**Work to complete:**
The listing below has to be output exactly as given, less its pictures.

**Data section:**
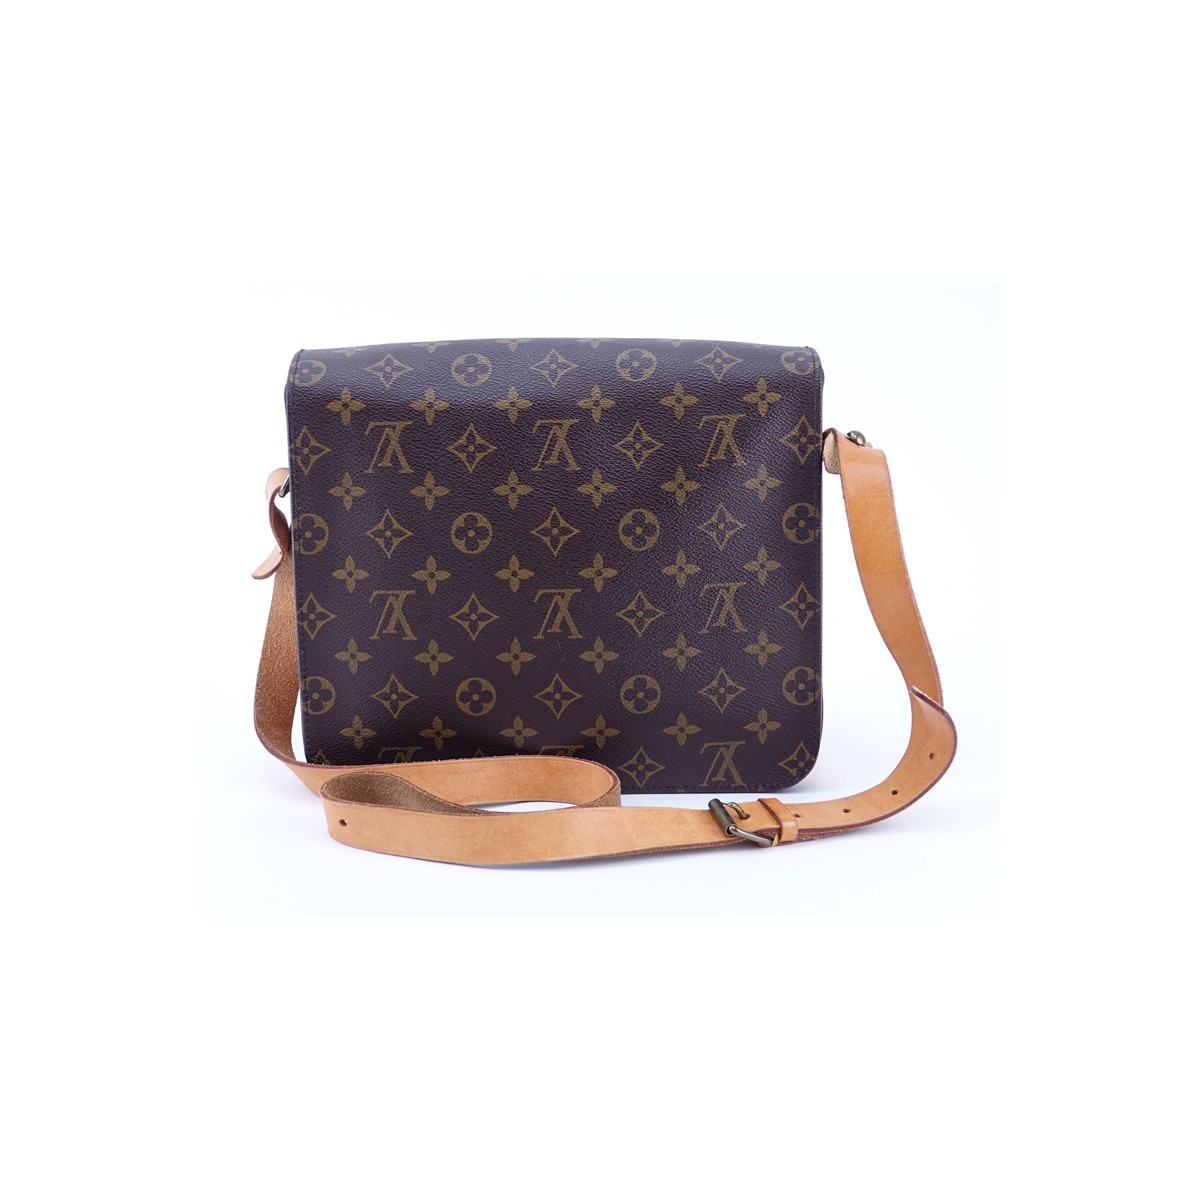 Louis Vuitton Brown Monogram Coated Canvas Cartouchiere GM Shoulder Bag. Golden brass hardware, brown interior with 2 compartments.
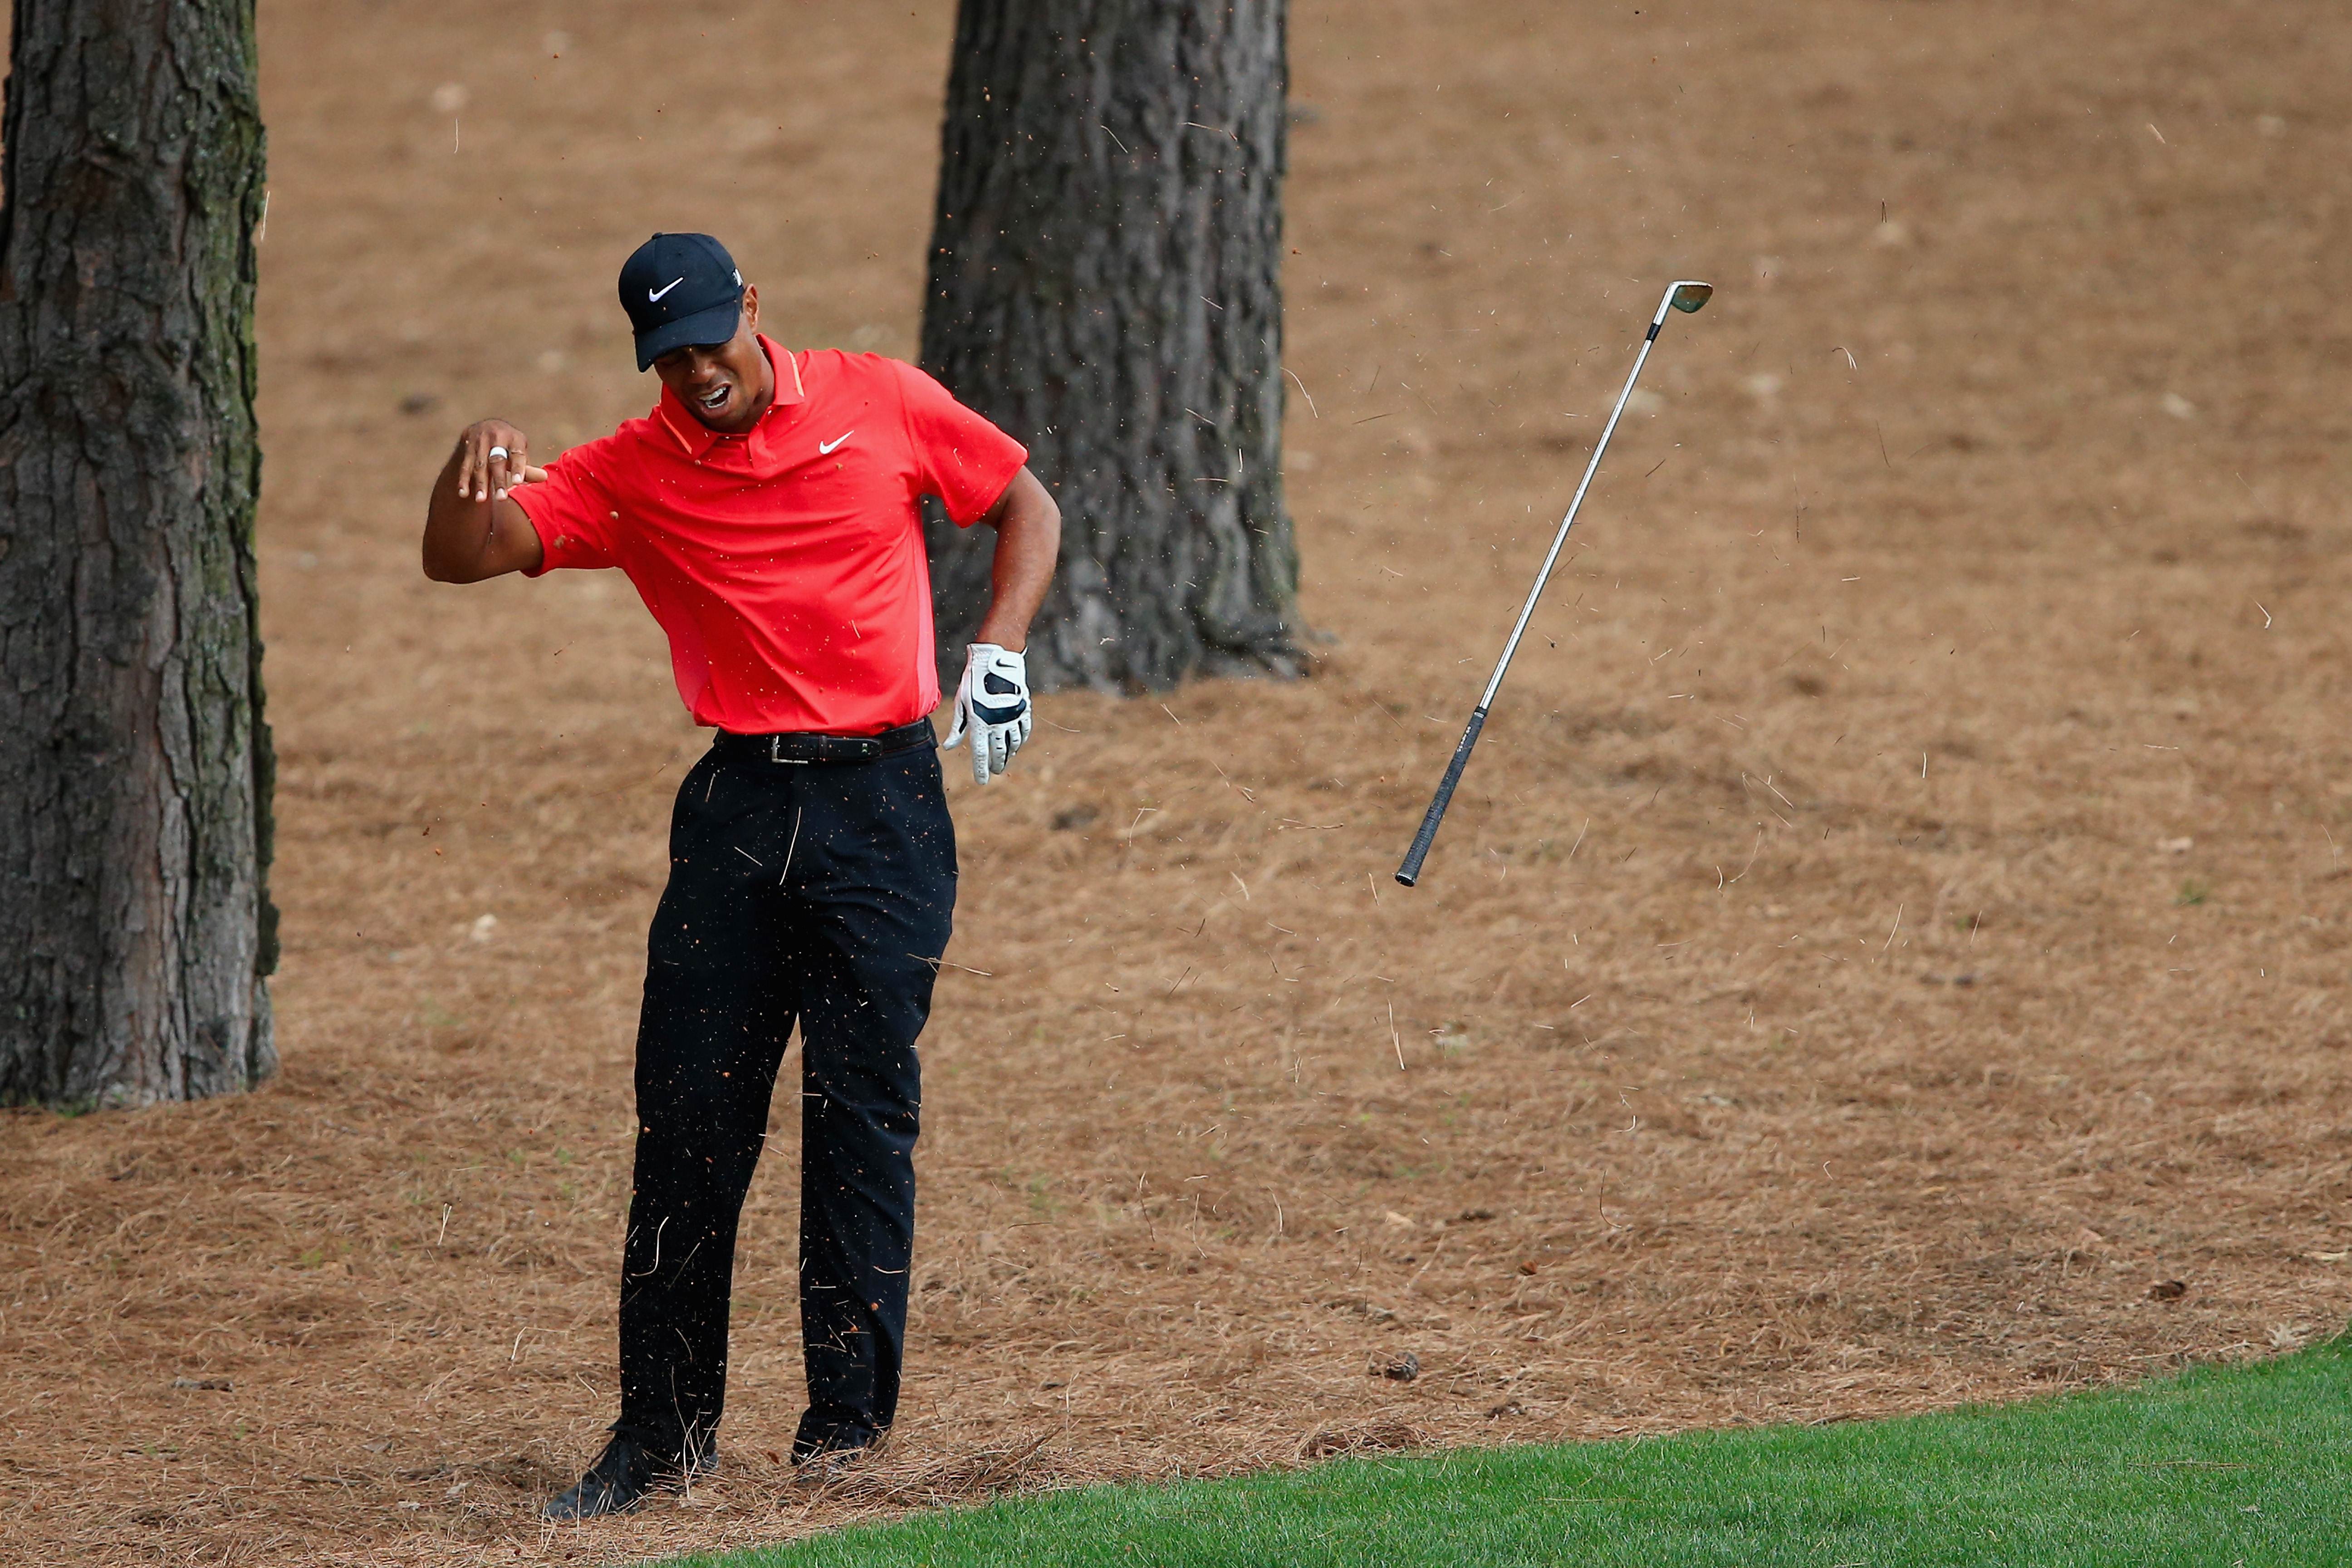 Tiger Woods flinches after hitting a tree root under the pine straw on the ninth hole during the final round of the Masters. "A bone kind of popped out and the joint kind of went out of place, but I put it back in," Woods said. Photo: AFP
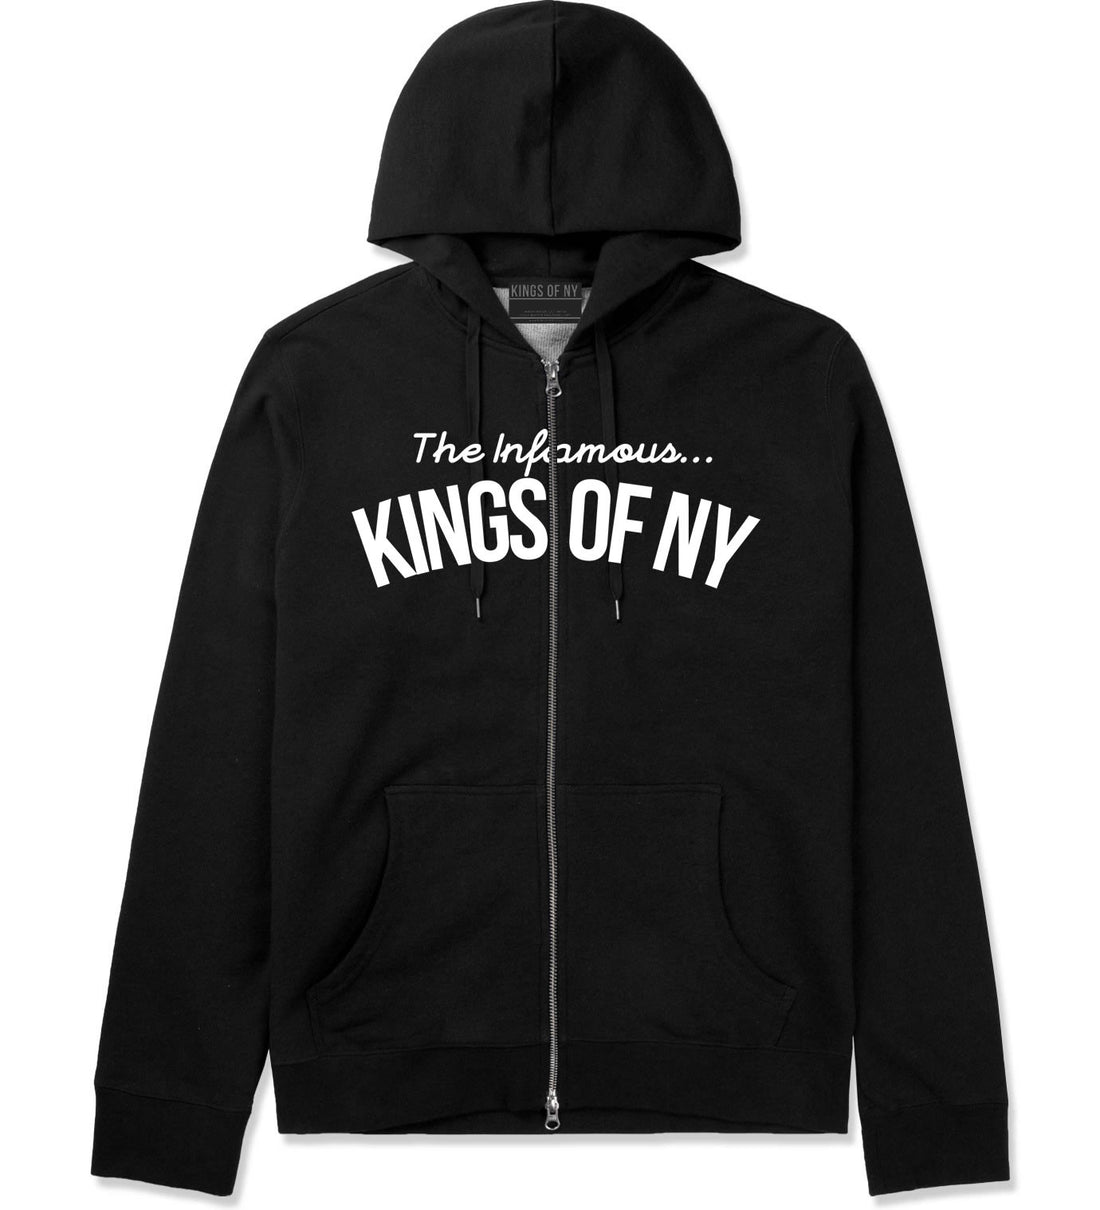 The Infamous Kings Of NY Zip Up Hoodie in Black By Kings Of NY

**Expected output:**
 Louis Vuitton Brown Monogram Coated Canvas Cartouchiere GM Shoulder Bag. Golden brass hardware, brown interior with 2 compartments.
 Tiger Woods flinches after hitting a tree root under the pine straw on the ninth hole during the final round of the Masters. "A bone kind of popped out and the joint kind of went out of place, but I put it back in," Woods said. Photo: AFP
 The Infamous Kings Of NY Zip Up Hoodie in Black By Kings Of NY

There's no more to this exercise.